JAKARTA, Pilarnesia.com — Badan Pusat Statistik (BPS) mencatat sektor transportasi dan pergudangan masih menjadi sumber kontraksi tertinggi yang menjadi pemicu RI terjerat resesi ekonomi pada kuartal III 2020. Hal ini jika dilihat berdasarkan lapangan usaha.
Kepala BPS Suhariyanto memaparkan sektor transportasi dan pergudangan pada kuartal III 2020 minus 16,7 persen. Angkanya berbanding terbalik dengan realisasi kuartal III 2019 yang tumbuh sebesar 6,66 persen.
Kendati masih minus, Suhariyanto mengklaim posisinya tetap lebih baik dibandingkan dengan kuartal II 2020. Saat itu, sektor transportasi dan pergudangan minus hingga 30,8 persen.
“Sektor transportasi kontraksinya tidak sedalam kuartal II 2020. Kalau menurut sub sektor yang alami penurunan masih dalam adalah angkutan udara,” ucap Suhariyanto dalam konferensi pers secara virtual, Kamis (5/11).
Suhariyanto merinci sub sektor transportasi dan pergudangan yang tercatat minus paling parah adalah angkutan udara sebesar 63,88 persen. Lalu, angkutan rel minus 51,11 persen, pergudangan dan jasa penunjang angkutan, pos, dan kurir minus 17,57 persen, angkutan sungai danau dan penyeberangan minus 13,51 persen, angkutan laut minus 5,27 persen, serta angkutan darat minus 5,03 persen.
Lebih lanjut Suhariyanto menjelaskan lapangan usaha lainnya yang terkontraksi pada kuartal III 2020 ini adalah akomodasi dan makan minum (mamin) yang minus 11.86 persen, jasa lainnya minus 5,55 persen, jasa perusahaan minus 7,61 persen, serta pengadaan listrik dan gas minus 2,44 persen.
Lalu, industri minus 4,31 persen, perdagangan minus 5,03 persen, konstruksi minus 4,52 persen, pertambangan minus 4,28 persen, dan jasa keuangan minus 0,95 persen.
Sementara, terdapat 7 lapangan usaha yang tercatat tumbuh positif. Beberapa sektor lapangan usaha, antara lain infokom yang tumbuh 10,61 persen, pertanian tumbuh 2,15 persen, pengadaan air tumbuh 6,04 persen, jasa kesehatan tumbuh 15,33 persen, real estate tumbuh 1,98 persen, jasa pendidikan tumbuh 2,44 persen, dan administrasi pemerintahan tumbuh 1,86 persen.
“Jadi 10 sektor terkontraksi, tapi tidak sedalam kuartal II 2020, dan masih ada sektor yang tumbuh. Ada 7 sektor tumbuh positif,” tutur Suhariyanto.

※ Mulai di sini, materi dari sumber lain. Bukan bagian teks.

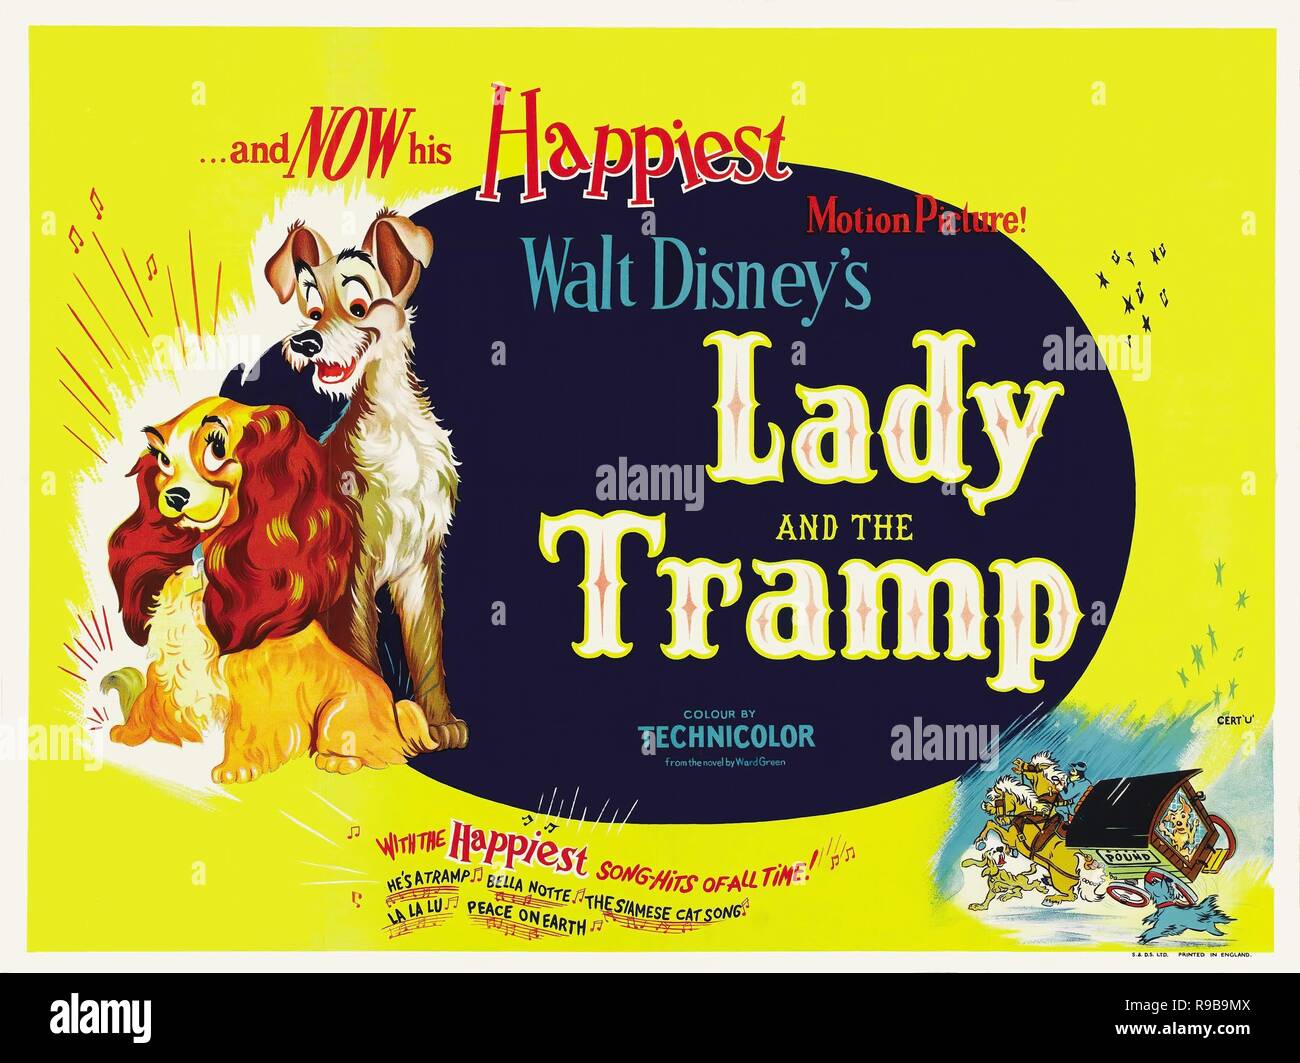 Original film title: THE LADY AND THE TRAMP. English title: THE LADY AND THE TRAMP. Year: 1955. Director: CLYDE GERONIMI; WILFRED JACKSON; HAMILTON LUSKE. Credit: WALT DISNEY PRODUCTIONS / Album Stock Photo

Secara keseluruhan, ekonomi Indonesia minus 3,49 persen pada kuartal III 2020 secara tahunan. Dengan demikian, Indonesia resmi memasuki resesi ekonomi setelah sebelumnya pertumbuhan ekonomi juga minus 5,32 persen pada kuartal II 2020.
Sebuah negara dinyatakan mengalami resesi ekonomi jika mengalami kontraksi pertumbuhan ekonomi selama dua kuartal berturut-turut.